Re: [PoC] pg_upgrade: allow to upgrade publisher node

From: Peter Smith <smithpb2250(at)gmail(dot)com>
To: "Hayato Kuroda (Fujitsu)" <kuroda(dot)hayato(at)fujitsu(dot)com>
Cc: PostgreSQL Hackers <pgsql-hackers(at)lists(dot)postgresql(dot)org>, Julien Rouhaud <rjuju123(at)gmail(dot)com>, Amit Kapila <amit(dot)kapila16(at)gmail(dot)com>
Subject: Re: [PoC] pg_upgrade: allow to upgrade publisher node
Date: 2023-04-06 08:23:33
Message-ID: CAHut+PvpBsyxj9SrB1ZZ9gP7r1AA5QoTYjpzMcVSjQO2xQy7aw@mail.gmail.com
Views: Raw Message | Whole Thread | Download mbox | Resend email
Thread:
Lists: pgsql-hackers

Hi Kuroda-san.

This is a WIP review.
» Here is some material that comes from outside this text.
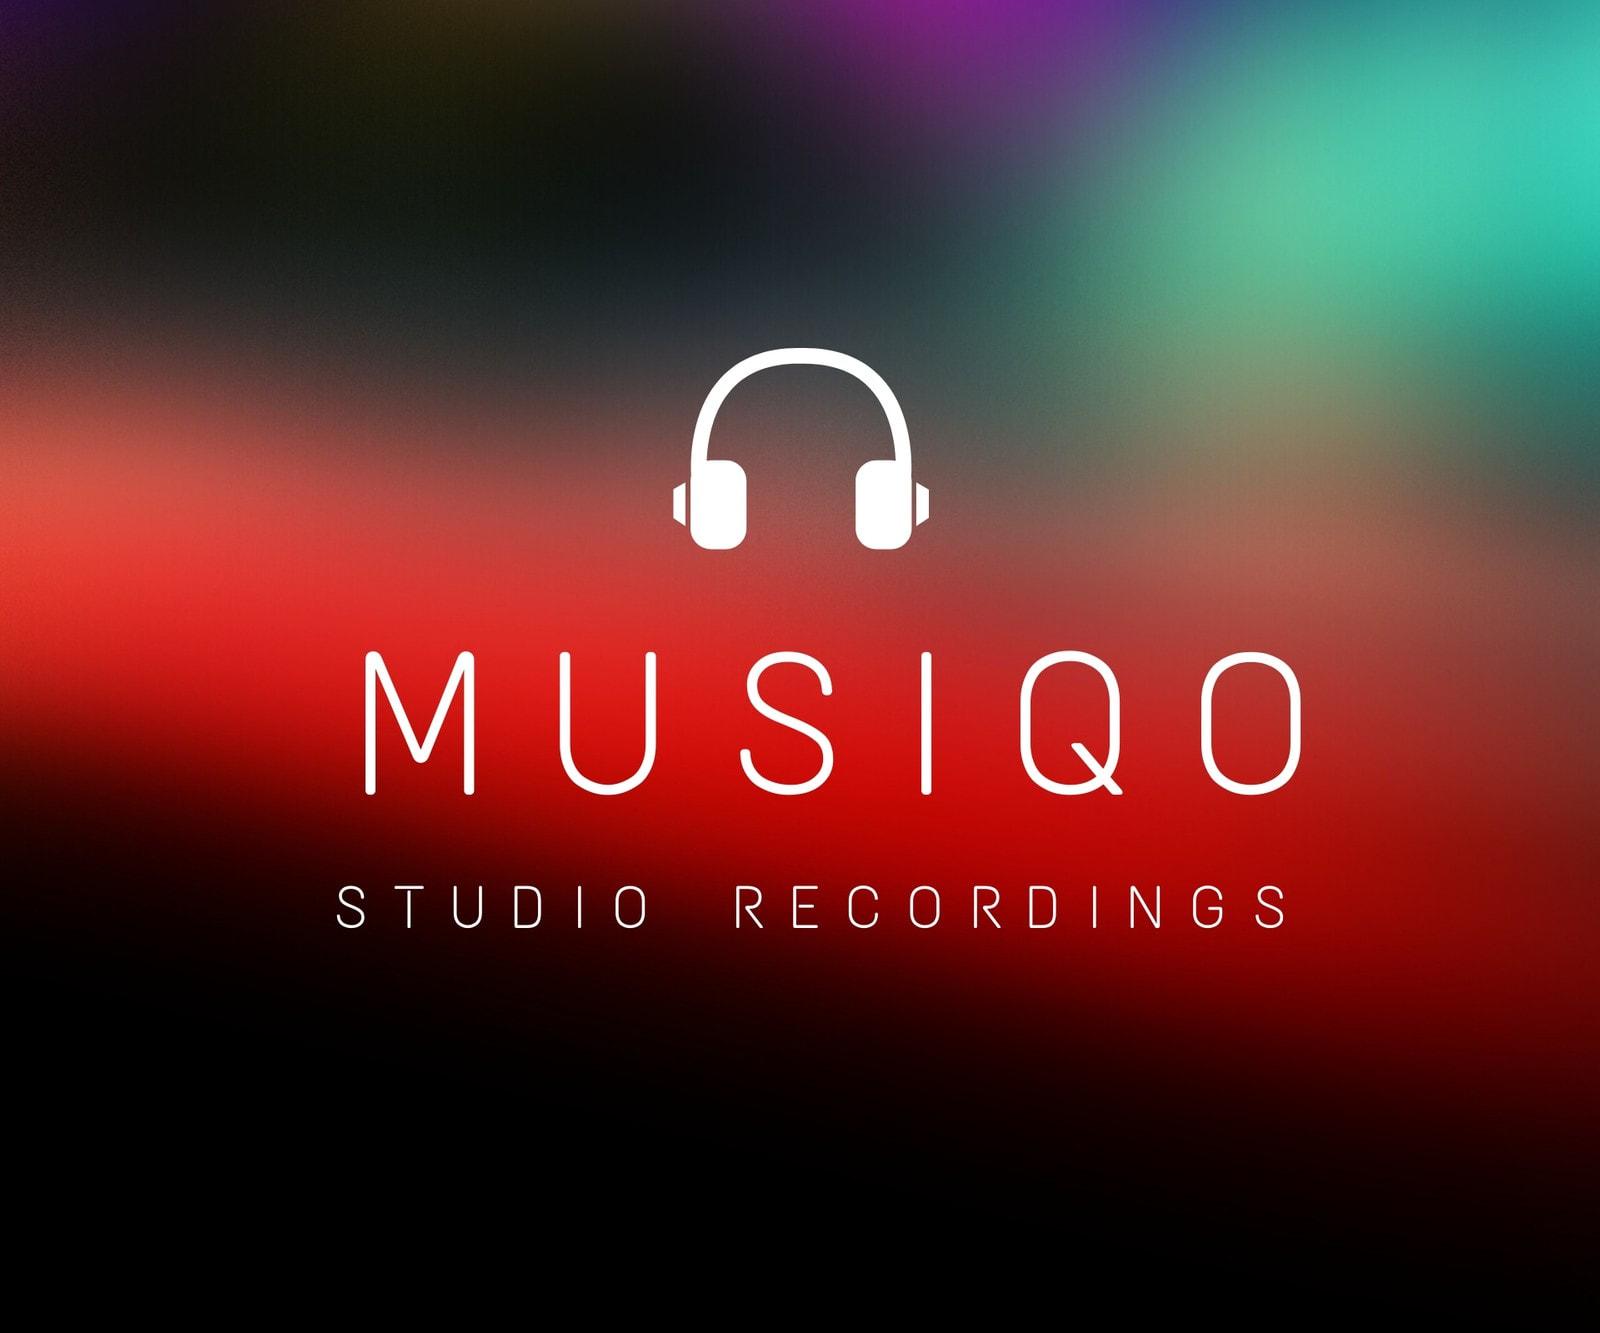 Blurred Photo Studio Recording Medium Rectangle Banner

I'm yet to do more testing and more study of the
POC patch's design.

While reading the code I kept a local list of my review comments.
Meanwhile, there is a long weekend coming up here, so I thought it
would be better to pass these to you now rather than next week in case
you want to address them.

======
General

1.
Since these two new options are made to work together, I think the
names should be more similar. e.g.

pg_dump: "--slot_only" --> "--replication-slots-only"
pg_upgrade: "--include-replication-slot" --> "--include-replication-slots"

help/comments/commit-message all should change accordingly, but I did
not give separate review comments for each of these.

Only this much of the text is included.